6. Depending on the results we got in Step 5 we may want to reevaluate, but for the purposes of this coding exercise let's press on. Use OLS to estimate the regression discontinuity design, getting the effect of treatment (not being allowed food stamps; i.e. being above the cutoff) on `finrecidany`. Use a linear model, and apply a triangular kernel weight with a bandwidth of 100. Comment on the effect you find.
You can create the triangular kernel weight using the formula `1 - abs(distnoab)/100` where `abs()` is the absolute value function. Then set the weight to 0 instead of being negative, anywhere it's negative. Convert these steps into your language of choice and apply it as a sample weight. Be sure to look at your data to make sure this worked properly.
*Language-specific instructions*:
- `smf.wls()` will give you bad results if you include observations with weights of 0. So you'll want to limit the data only to observations with non-zero weights before estimating the model in Python.
7. We would like to check whether our assumption of smoothness at the cutoff is plausible. We can do this with a placebo test. Re-perform your analysis from Step 6 twice, using `black` and `age` as the dependent variables. Comment on what you find.
8. How sensitive are our results to the choice of bandwidth? Repeat your analysis from Step 6 while changing the bandwidth of the triangular kernel to, in turn, 25, 50, 75, 100, 125, and 150. Each time, recreate the triangular weights and re-estimate your regression. Automating this process in some sort of loop is encouraged but not required. Show your results in a shared regression table (or, if you want to get fancy, plot the coefficients and their error bars) and comment on what you see.
9. Now let's bring in a few more bells and whistles, applying bias correction and local polynomials with optimal bandwidth selection. Use `rdrobust` from the **rdrobust** package (with all options kept to their defaults) to estimate the model. Write a comment on the estimate you find. Then demonstrate you've read the command's help file by also writing down the default variance-covariance procedure the command uses.
*Language-specific instructions*:
- The Python version of **rdrobust** was released between the time the book was finished and the time of this writing. So the book doesn't have example code for you.
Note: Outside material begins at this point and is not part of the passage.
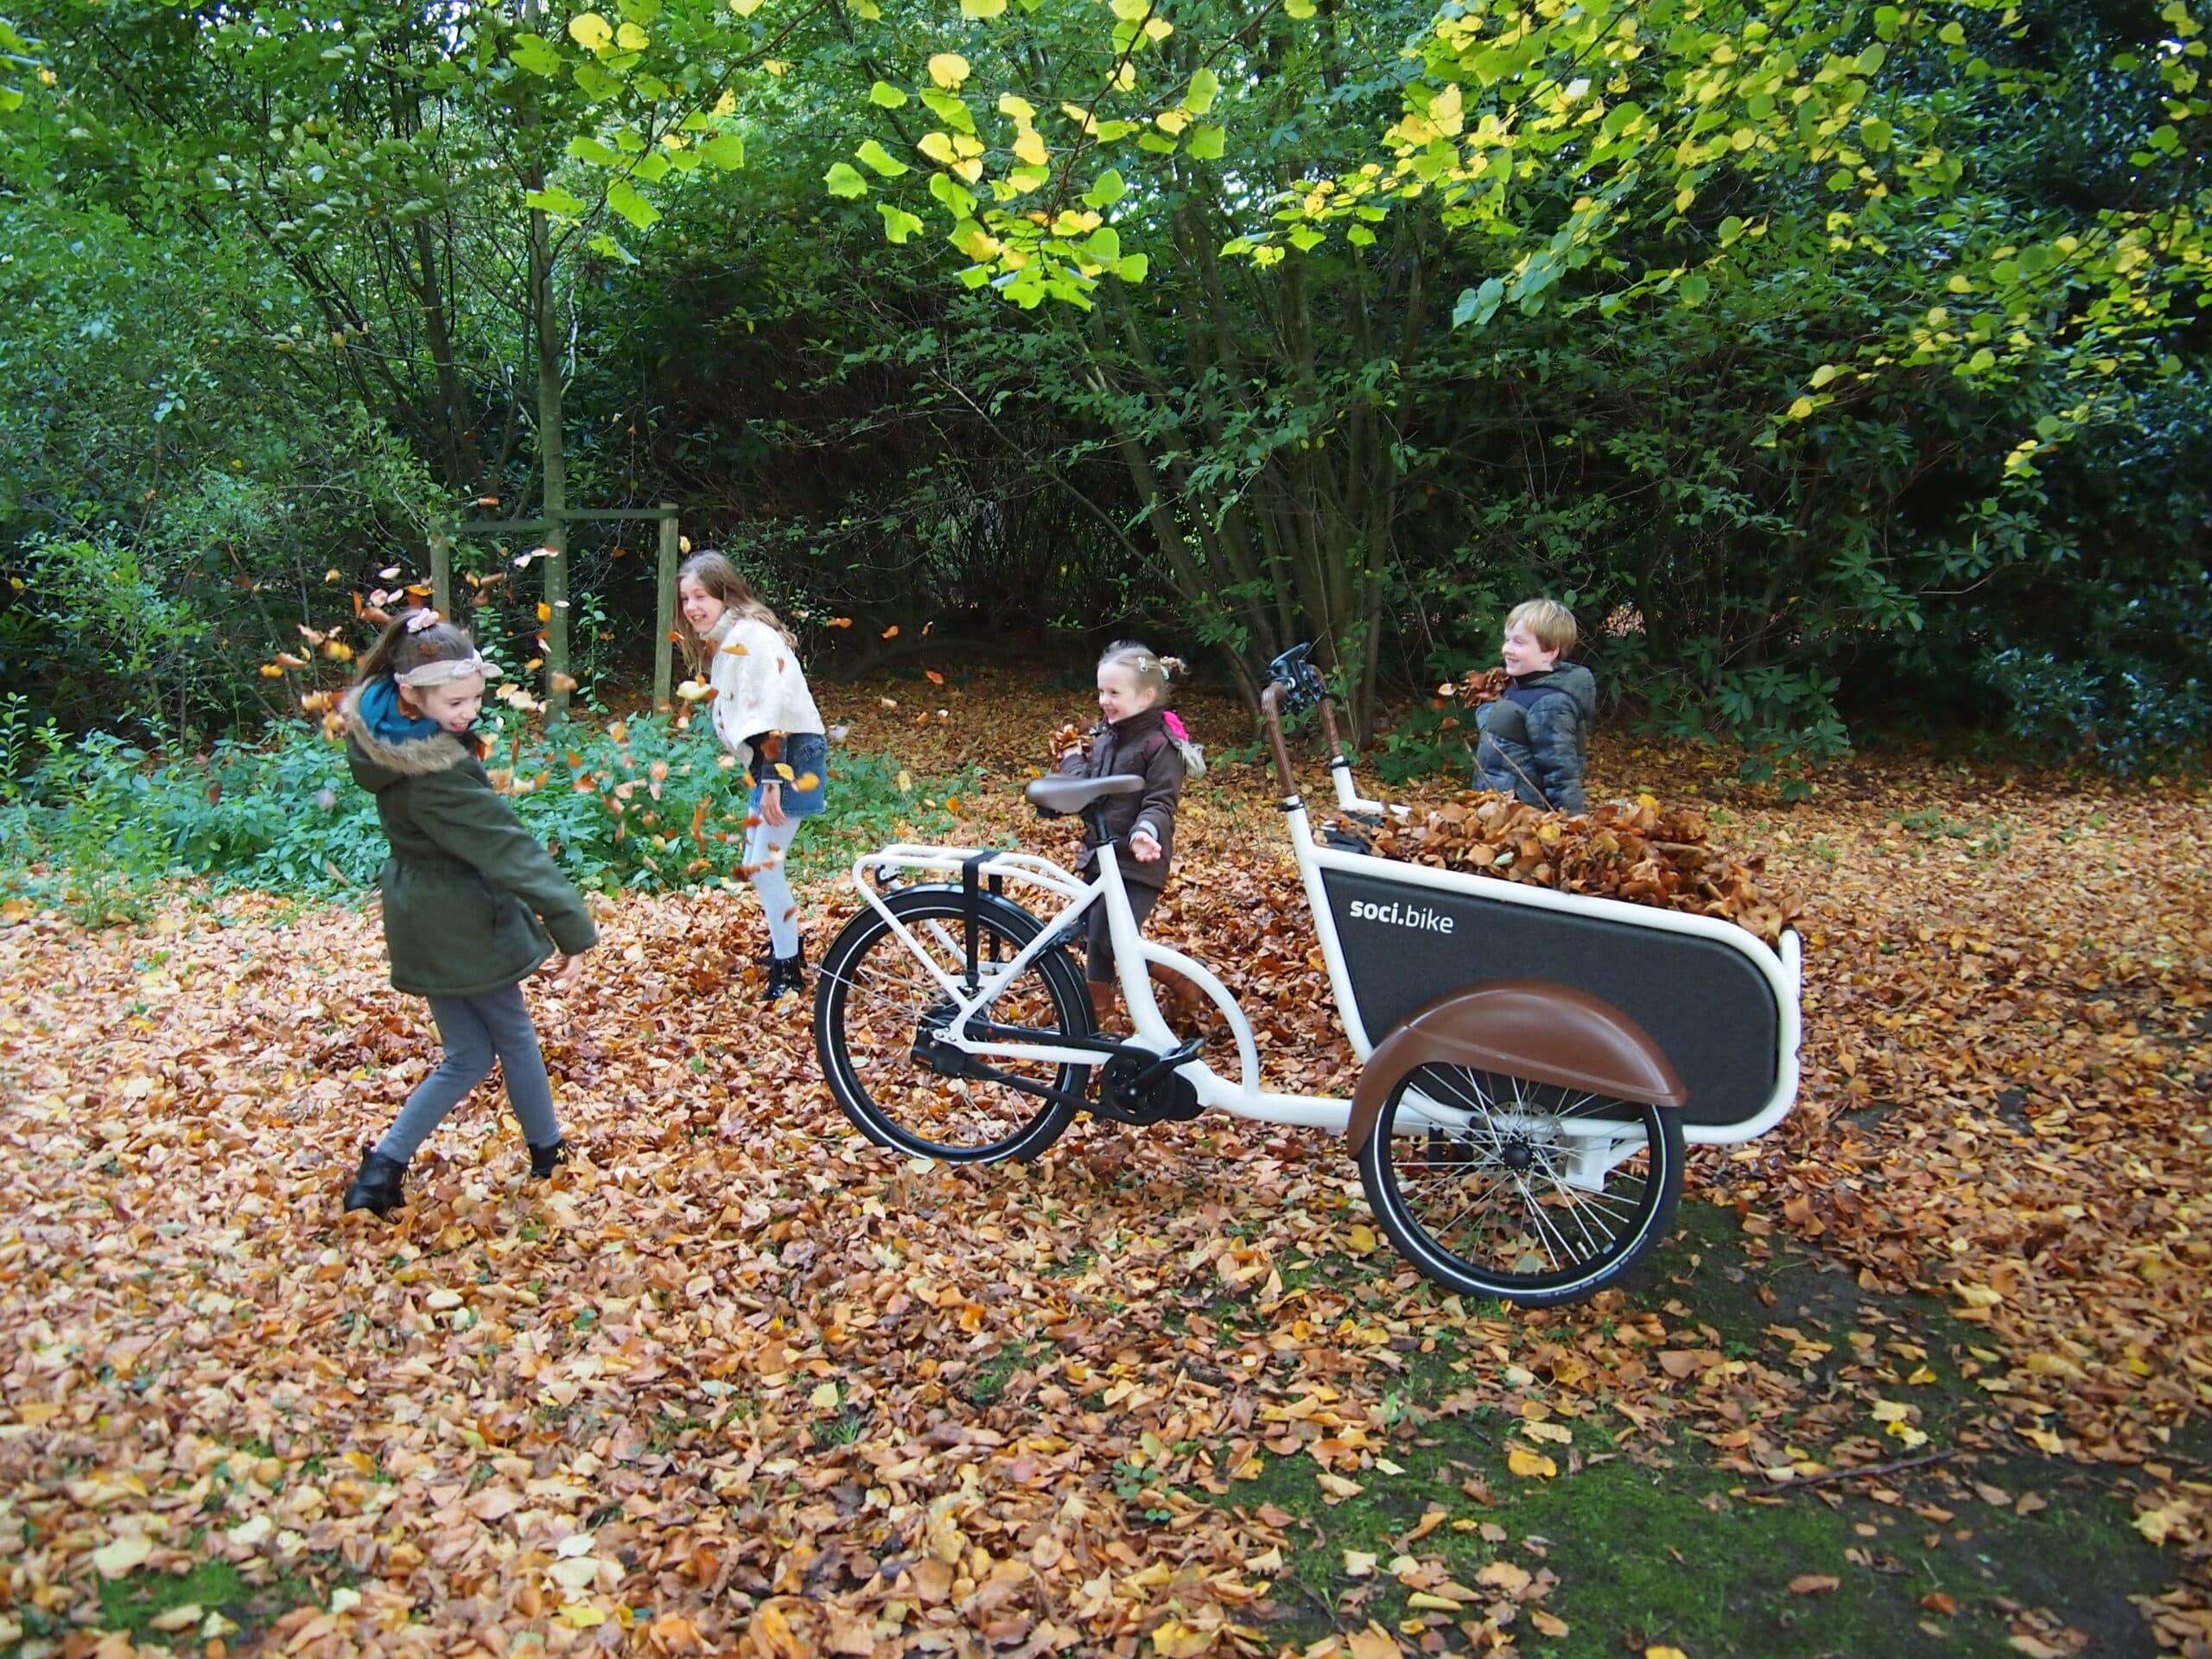 soci.bike bakfiets herfst herfstvakantie

But you can get examples from the [package website](https://rdpackages.github.io/rdrobust/) and the [walkthrough example](https://github.com/rdpackages/rdrobust/blob/master/Python/rdrobust_illustration.py) it provides. Do note you'll need to `print()` its output to see the results.
10. Now use `rdplot` from the **rdrobust** package to plot the estimation we're looking at. Set the polynomial order to 2 to match what is used in `rdrobust`. Comment on what you see, perhaps comparing it to the graph you made earlier in the assignment.
*Language-specific instructions*:
- The Python version of **rdrobust** was released between the time the book was finished and the time of this writing. So the book doesn't have example code for you. But you can get examples from the [package website](https://rdpackages.github.io/rdrobust/) and the [rdplot walkthrough example](https://github.com/rdpackages/rdrobust/blob/master/Python/rdplot_illustration.py) it provides.
11. This is a sharp regression discontinuity, but let's run a fuzzy regression discontinuity just to get the coding practice in, and let's toss in a regression kink while we're at it (no particular reason to believe it's the *slope* of recidivism that would change, but we can run the code). First, use the `deriv` option in `rdrobust` to estimate a regression kink design. Then, add a new `treated` variable that's just a completely random variable that's all 0s or 1s, and use that as the treatment status indicator to run a fuzzy regression discontinuity.
Don't worry too much about the results - neither of these models make much sense. Just get used to setting up the code.